Copland began his imposing 1924 'Symphony for Organ and Orchestra' in France while he was still studying with Nadia Boulanger to whom the work is dedicated and it was this piece that first brought fame to the young composer. Unusually it has three movements like a concerto which is possibly why Copland wrote that the “ organ is treated as an integral part of the orchestra rather than as a solo instrument with orchestral accompaniment”. Nevertheless the work is in most respects a virtuoso concerto, and, as Jonathan Scott the superb organ soloist on this recording notes, the organ writing is deceptively complex from both rhythmic and technical viewpoints. Wilson and the BBC Philharmonic give a scintillating performance of the Symphony with vivid and incisive playing that makes the most of Copland's brilliant scoring, especially in the propulsive jazzy scherzo and the sweeping grandeur of the finale.
Best of all, the recording of the Organ Symphony took place in the Bridgewater Hall, Manchester (16 January 2016) one of Britain's finest concert halls in terms of its spacious acoustic and tonal clarity. Naturally Jonathan Scott is able to demonstrate to the full the range and capability of the hall's magnificent pipe organ built by Marcussen & Søn of Aabenraa in Denmark, while organ buffs will enjoy reading the instrument's full specification printed in the liner notes. The Chandos engineering team have excelled themselves in capturing both the subtle detail and also the awe-inspiring scale of the piece in magnificent 5.0 multi-channel sound.
The remaining three works on the disc were recorded in the orchestra's home studio at MediaCityUK, Salford.
In 1957 Copland made an orchestral arrangement of his 'Piano Variations' – originally composed in 1930 – in response to a commission from the Louisville Symphony Orchestra.

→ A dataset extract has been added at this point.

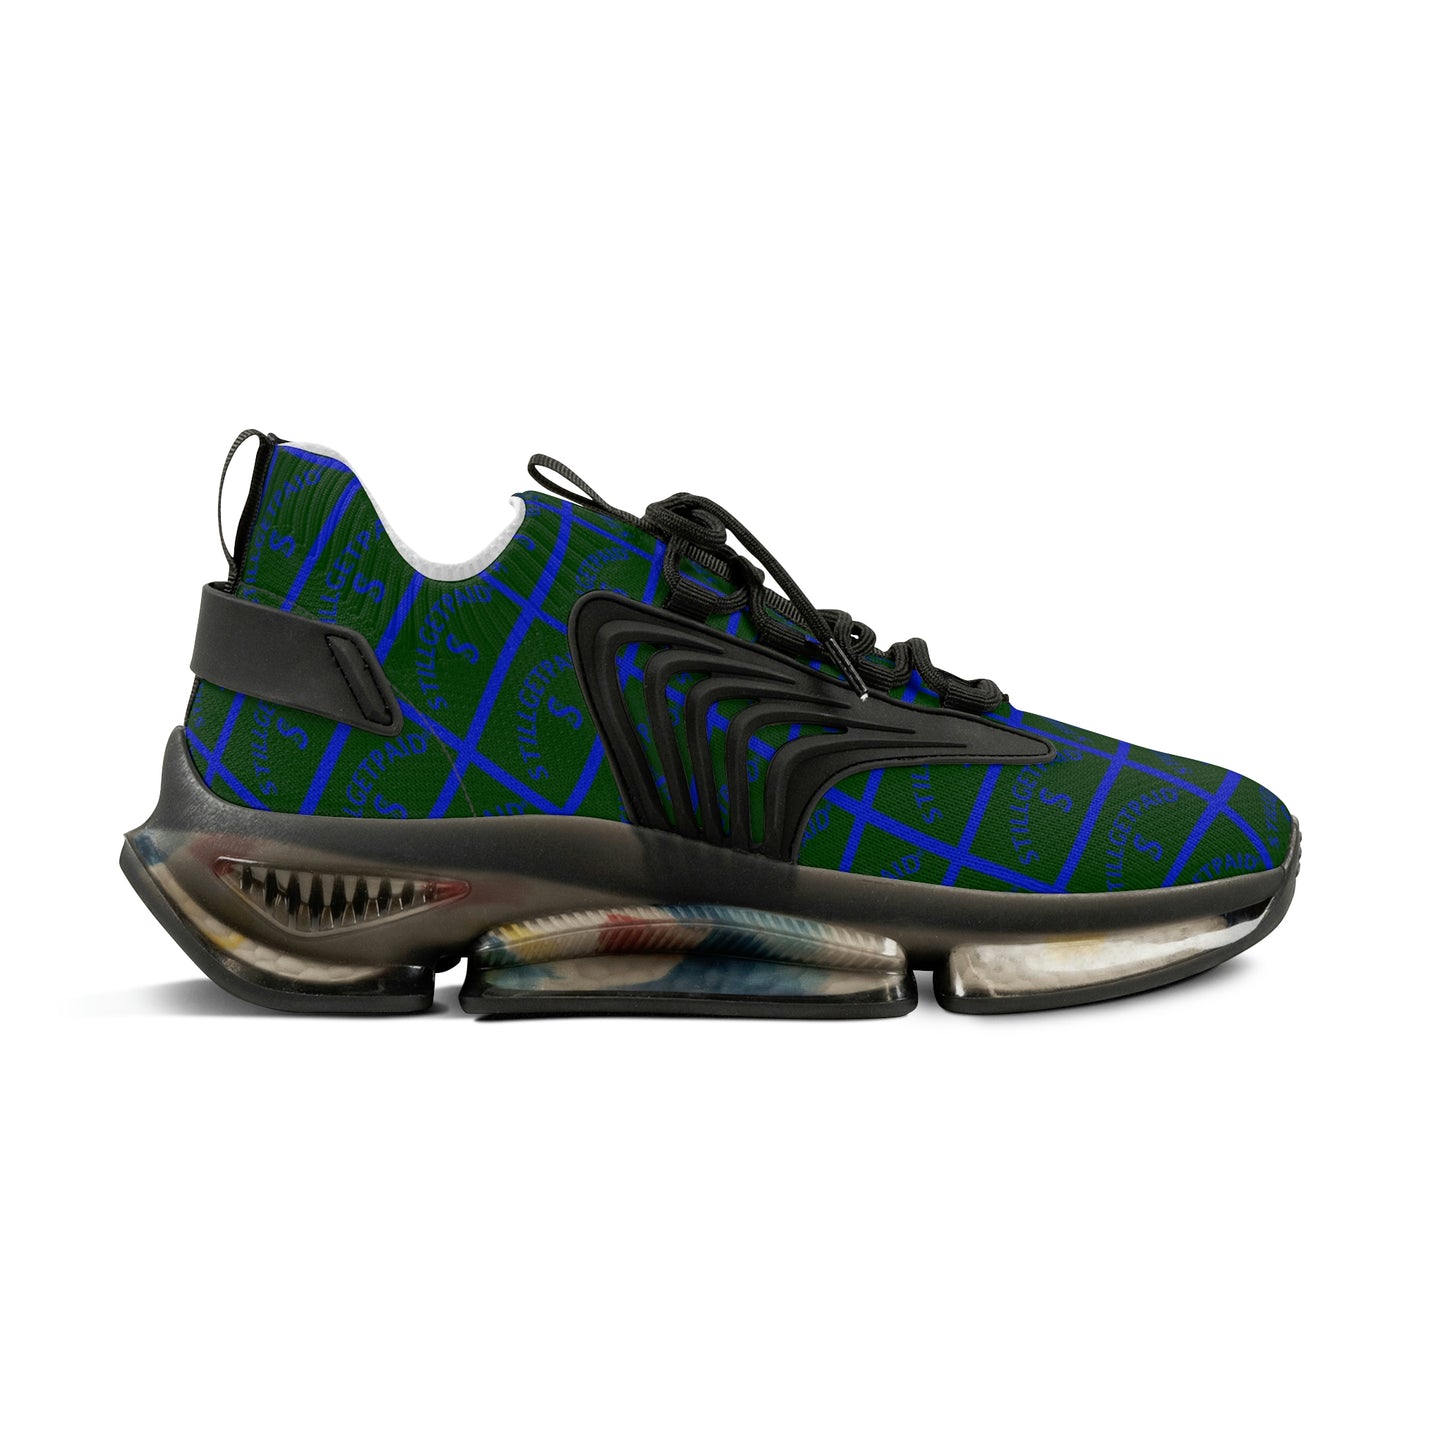 STILLGETPAID® APPAREL  BLUE GREEN Men's Mesh Sneakers

This is one of the composer's least performed orchestral works, its generally stern demeanour, jagged harmonies and taut construction seemingly not to have found favour with the public at large. Wilson and the BBC Philharmonic though make a very strong case for the piece with their committed and crisply recorded performance.
Copland's Short Symphony (Symphony No.2), dedicated to his friend the composer Carlos Chávez who successfully premiered the work (after no less than ten rehearsals!) in 1934, is cast in three connected movements (fast-slow-fast). It is a playful and vivacious piece with immediate listener appeal that at times seems to anticipate both the later Cowboy ballets and 'El Salon Mexico'. Listening to the almost effortless assurance with which the brilliant BBC Philharmonic musicians manage the rhythmic intricacies of this score it is hard to believe that it was once thought to be unplayable.

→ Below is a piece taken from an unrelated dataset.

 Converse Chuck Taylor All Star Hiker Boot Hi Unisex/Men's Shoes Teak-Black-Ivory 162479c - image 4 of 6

The imposing 'Symphonic Ode' (1927-29) that completes this programme was originally scored for a huge orchestra requiring eighteen brass players and an enormous percussion section. Declamatory passages for heavy brass alternate with both jazzy and more reflective sections and the piece eventually builds to a pounding, almost Mahlerian, peroration. Copland revised it in 1955 for the more modest forces heard here but, in spite of his attempt to make it more accessible, this austere work has made little headway in the concert hall. Wilson obviously believes in the piece and his orchestra perform it with their characteristic flare.
Once again the Chandos recording is first rate with pin sharp detail and a spacious sound stage typical of the MediaCity studio and the excellent work of engineer Stephen Rinker.